I have emphasized data on entries into care – that is, the number of children taken from their parents over the course of a year – and how those entries increased because of Therolf’s shoddy reporting.  But data also are available on exits from care, that is, the number of children released from foster care over the course of a year.

Rather than a mad rush to reunify, the number of children reunified with their parents actually declined from the year ending October 2008 through the year ending October, 2010, the most recent year for which data are available.  Reunifications that year were at their lowest point since the end of 2006.  (Too see the data Therolf either didn’t include in his story, click here and follow the instructions for creating a table.)

Meanwhile, entries into care increased during the first full year after the Los Angeles County foster-care panic.  And on October 31, 2010, the most recent date for which data are available, the number of children in foster care in Los Angeles County actually increased over three months earlier – the first time that’s happened in Los Angeles in more than a decade.

In short, all the trends are going Garrett Therolf’s way, and yet, somehow, Vyctorya Sandoval still died.  While I think incompetence is the most likely explanation, it’s possible that it was system overload, in which case Vyctoria Sandoval died in part because all the trends are going the way Garrett Therolf wants them to go.

And, of course, Therolf gives readers no inkling of the fact that people who run FFAs have a vested interest in scapegoating efforts to keep families together.

Sadly, that very vested interest might even be why Kontis’ letter didn’t get the attention it deserved.  Since FFAs have a vested interest in opposing reunification in every case, Judge Nash may have thought Kontis was crying wolf.  In fact, her concerns were entirely justified.

DISTORTING THE OPEN COURTS ISSUE

Therolf even managed to distort the issue of opening court hearings in these cases.  He wrote that legislation to open the hearings in California was put on hold “partly because of opposition from the union representing many county social workers.”

That’s true, and it’s deplorable – but it’s also grossly incomplete.  The union opposed such legislation in past years and this year as well.

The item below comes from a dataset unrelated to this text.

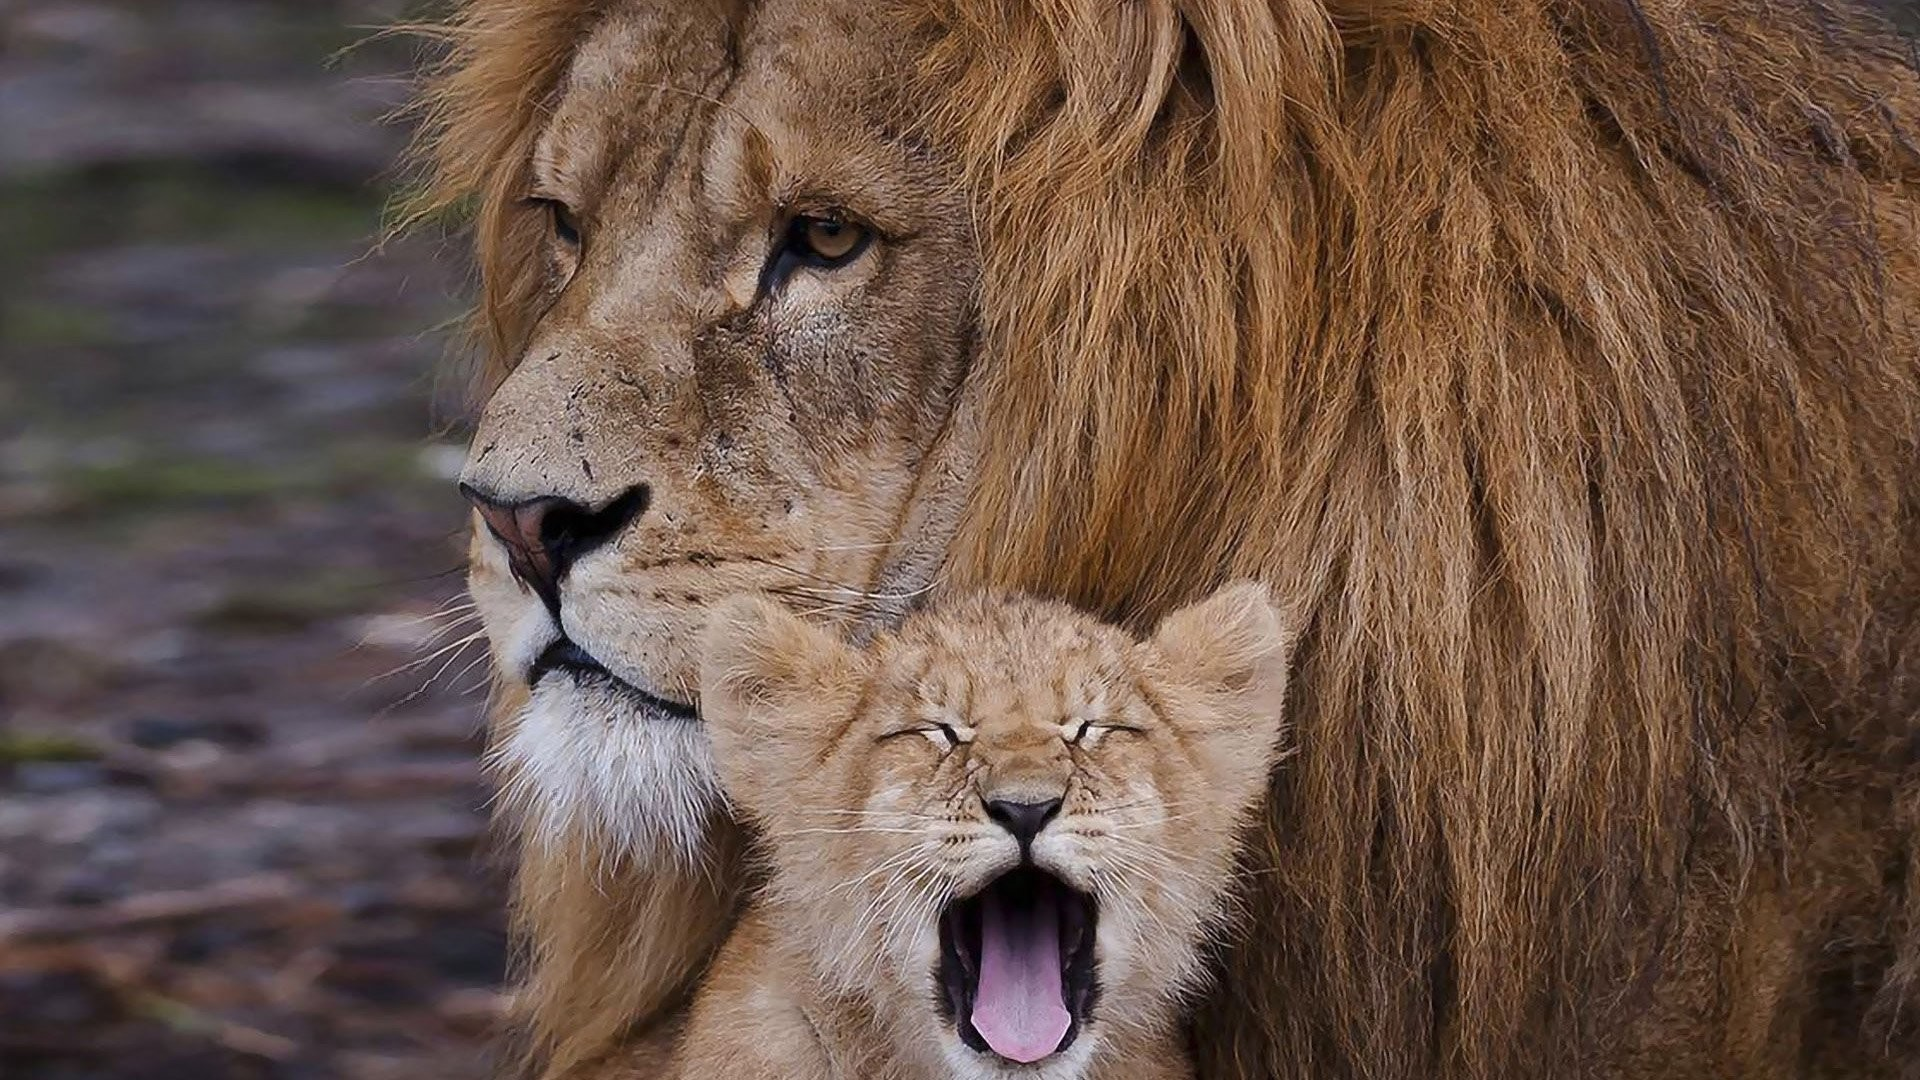 Lion Cub Wallpaper 74 Images

But so has “management” in the form of the California Welfare Directors Association.  And this year, it looked like the bill had a good shot at passage anyway - until the California Youth Connection, a group of current and former foster children, opposed it, something discussed in detail in these posts to this Blog.

Yet Therolf doesn’t mention CYC or any group opposing the bill except the union.  Apparently the union has joined family preservation and family reunification on Therolf’s Most Favored Scapegoats list.

*Actually, I have no idea if Therolf flunked a tryout.  It may be that his assignment in Egypt was meant to be strictly temporary all along.  I simply decided to apply Los Angeles Times journalistic standards and “presume” that he failed.  Just as Times Assistant Managing Editor David Lauter declared that “presumably” anyone who doesn’t like their child welfare coverage doesn’t want news organizations to cover “mismanagement or poor execution of policies” and just as Lauter declared that a group criticizing the newspaper’s failed attempt to rate teachers wants information about teacher performance kept secret.

Since I am applying the Times’ own standards here, presumably Garrett Therolf won’t mind a bit.